11. The probability that a basketball player scores on any given free throw is 0.7. She takes 5 free throws. Find the probability she scores on more than 3 throws. ▶ Show Answer
    X ~ Bin(5, 0.7)
    P(X>3) = P(X=4) + P(X=5)
    P(X=4) = C(5,4)(0.7)⁴(0.3) = 5 × 0.2401 × 0.3 ≈ 0.3602
    P(X=5) = (0.7)⁵ ≈ 0.1681
    P(X>3) ≈ 0.3602 + 0.1681 ≈ 0.5282
12. Let X ~ Bin(n, p) with E(X) = 6 and Var(X) = 4.2. Find n and p. ▶ Show Answer
    E(X) = np = 6   …(i)
    Var(X) = np(1−p) = 4.2   …(ii)
    Dividing (ii) by (i): 1 − p = 4.2/6 = 0.7, so p = 0.3
    From (i): n = 6/0.3 = n = 20
    Distribution: X ~ Bin(20, 0.3)
13. A Bernoulli trial succeeds with probability p. If the mean of the distribution is 0.4, find:
    • (a) The value of p
    • (b) P(X = 1)
    • (c) The variance
    ▶ Show Answer
    (a) For Bernoulli: E(X) = p = 0.4
    (b) P(X=1) = p = 0.4
    (c) Var(X) = p(1−p) = 0.4 × 0.6 = 0.24
14. A spinner has outcomes 1, 2, 3, 4, 5 each equally likely. X is the outcome of one spin. Calculate E(X), E(X²), Var(X) and SD(X). ▶ Show Answer
    Each outcome has probability 1/5.
    E(X) = (1+2+3+4+5)/5 = 15/5 = 3
    E(X²) = (1+4+9+16+25)/5 = 55/5 = 11
    Var(X) = E(X²) − [E(X)]² = 11 − 9 = 2
    SD(X) = √2 ≈ 1.414
15. A school estimates that 60% of students bring a lunch from home.
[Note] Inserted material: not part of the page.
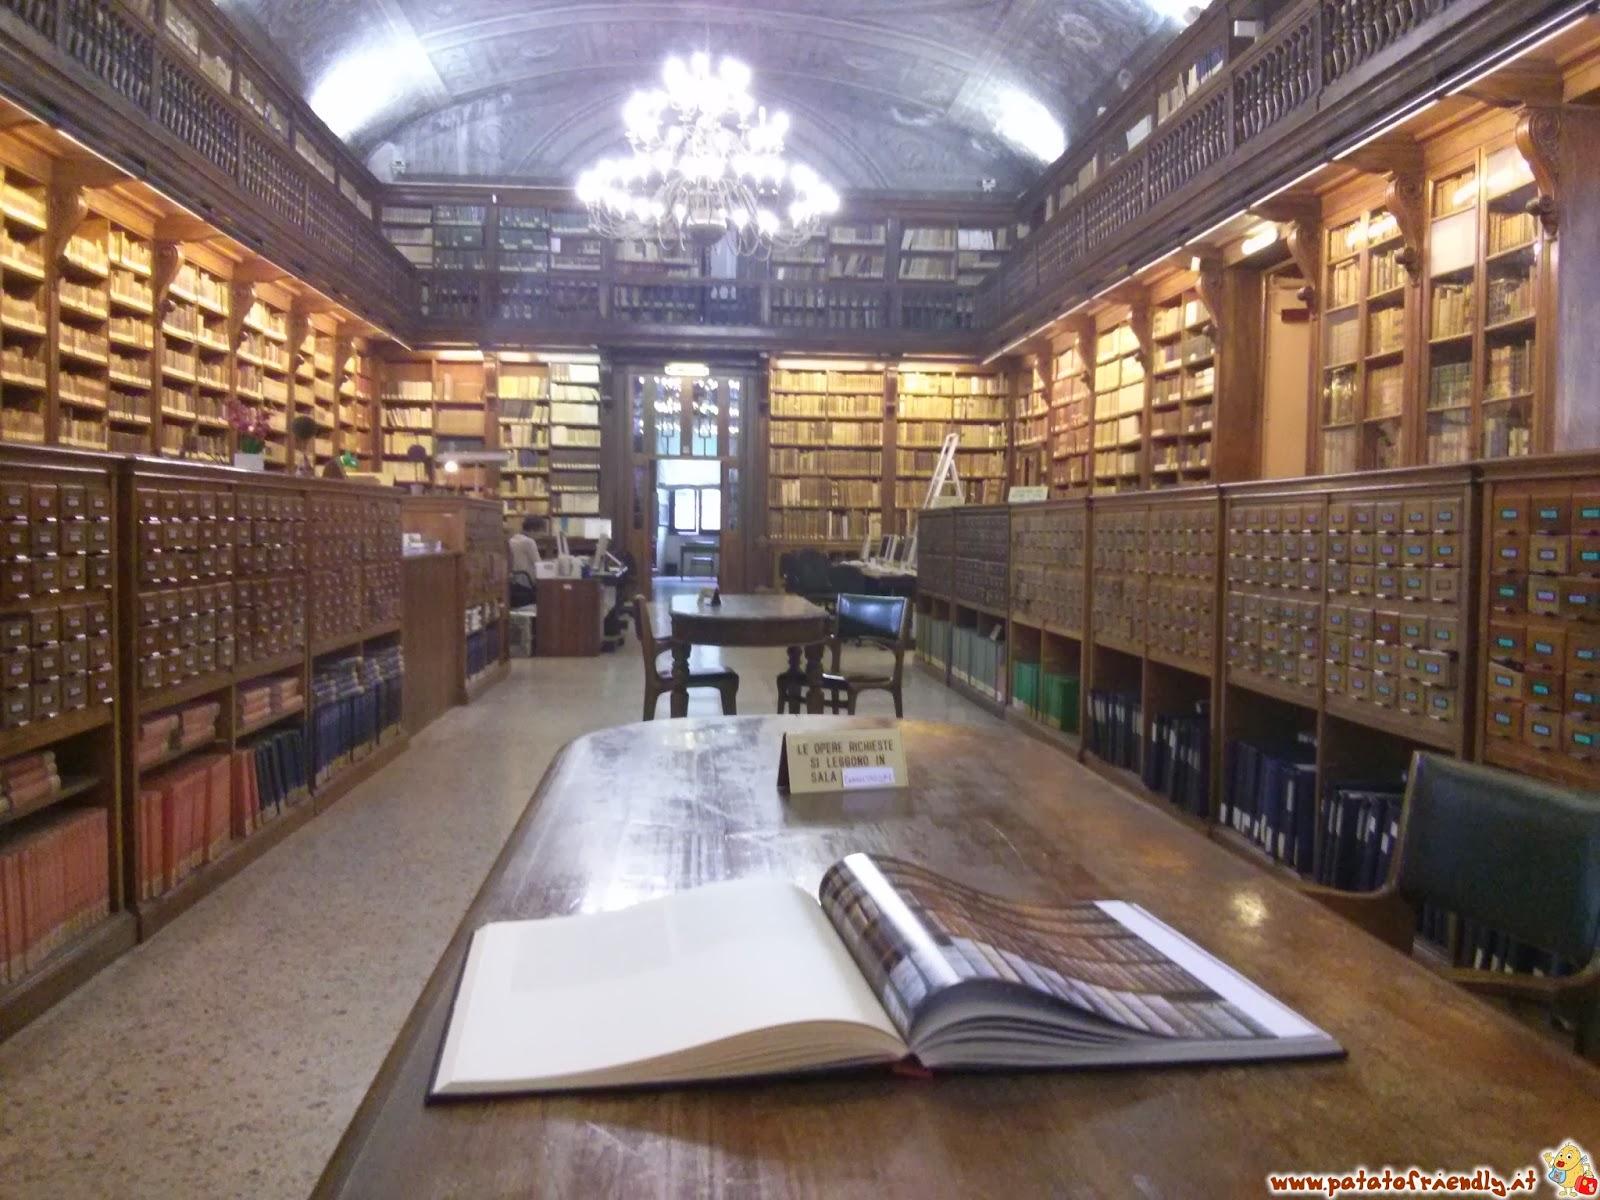 In biblioteca fa vedere tutto xx - 2 part 4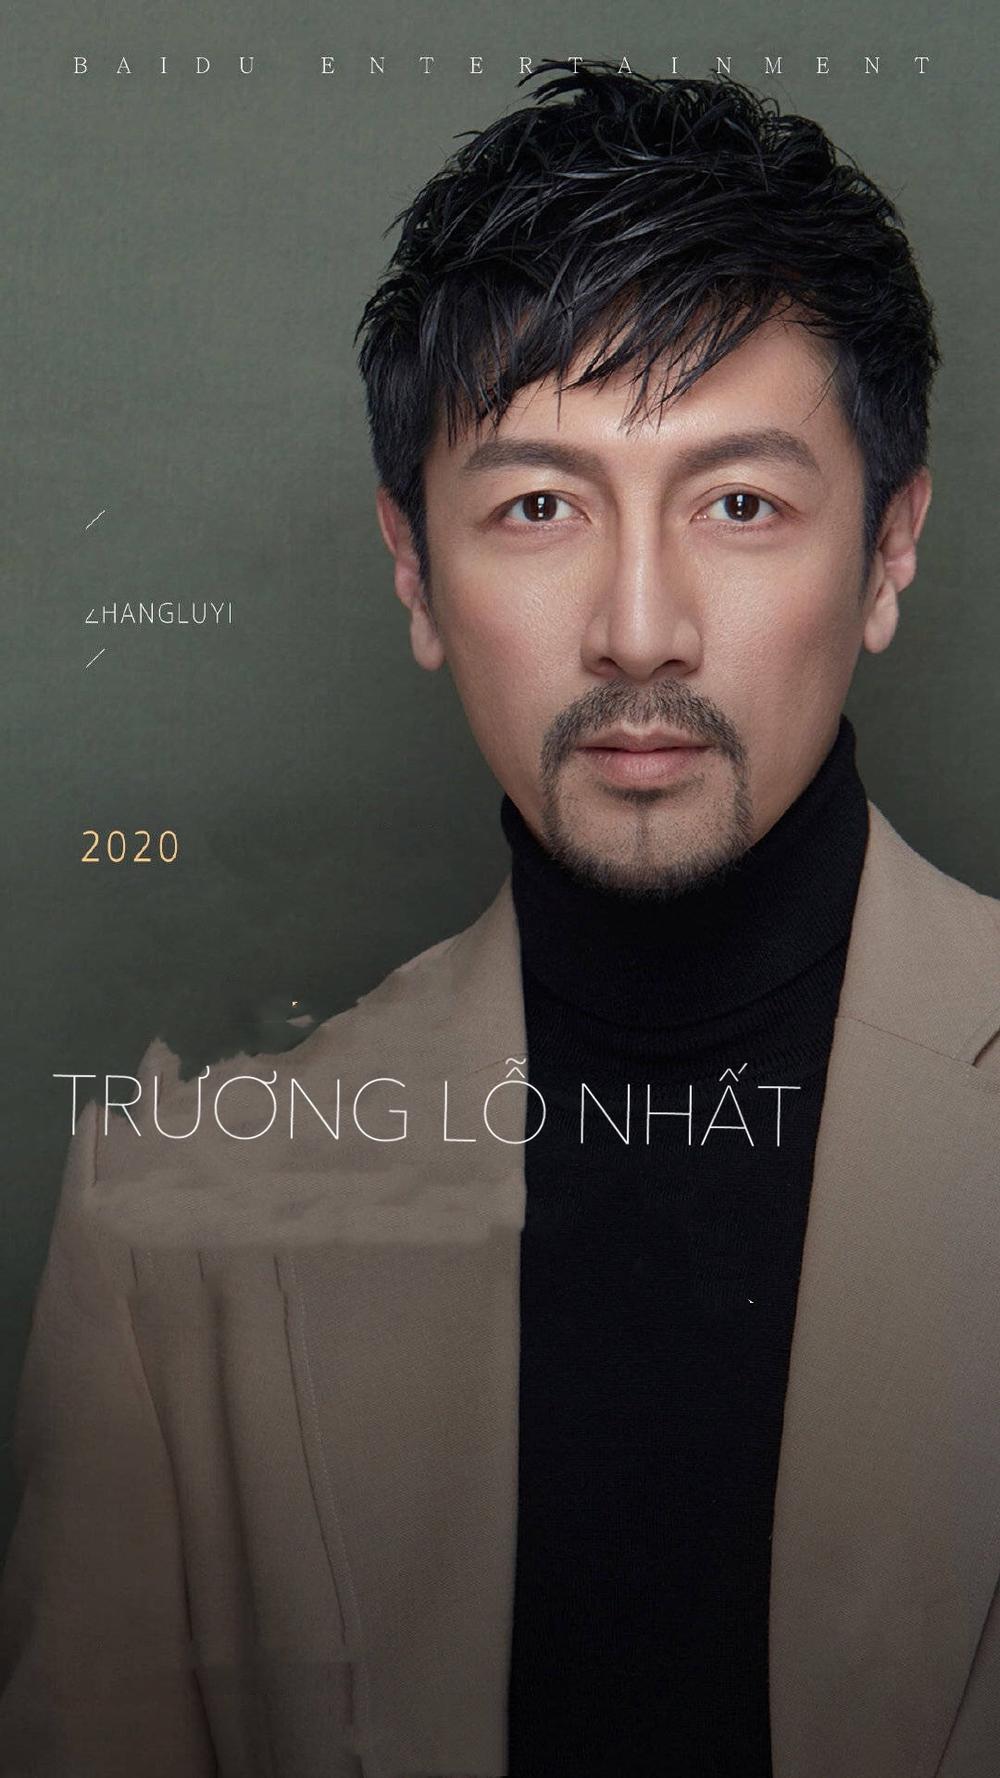 Công bố 8 nhân vật của năm 2020: Tiêu Chiến, Triệu Lộ Tư, Dịch Dương Thiên Tỉ được vinh danh! Ảnh 7

A class of 12 students is selected. Let X = number of students who bring lunch.
    • (a) Find P(X = 7).
    • (b) Find P(5 ≤ X ≤ 8).
    • (c) Find the most likely number of students who bring lunch (the mode).
    ▶ Show Answer
    X ~ Bin(12, 0.6)
    (a) P(X=7) = C(12,7)(0.6)⁷(0.4)⁵ = 792 × 0.02799 × 0.01024 ≈ 0.2270
    (b) Using CAS or formula:
    P(X=5) = C(12,5)(0.6)⁵(0.4)⁷ ≈ 0.1009
    P(X=6) = C(12,6)(0.6)⁶(0.4)⁶ ≈ 0.1766
    P(X=7) ≈ 0.2270 (from above)
    P(X=8) = C(12,8)(0.6)⁸(0.4)⁴ ≈ 0.2128
    P(5≤X≤8) ≈ 0.1009 + 0.1766 + 0.2270 + 0.2128 ≈ 0.7173
    (c) E(X) = 12 × 0.6 = 7.2. The mode is X = 7 (the integer closest to np when np is not an integer).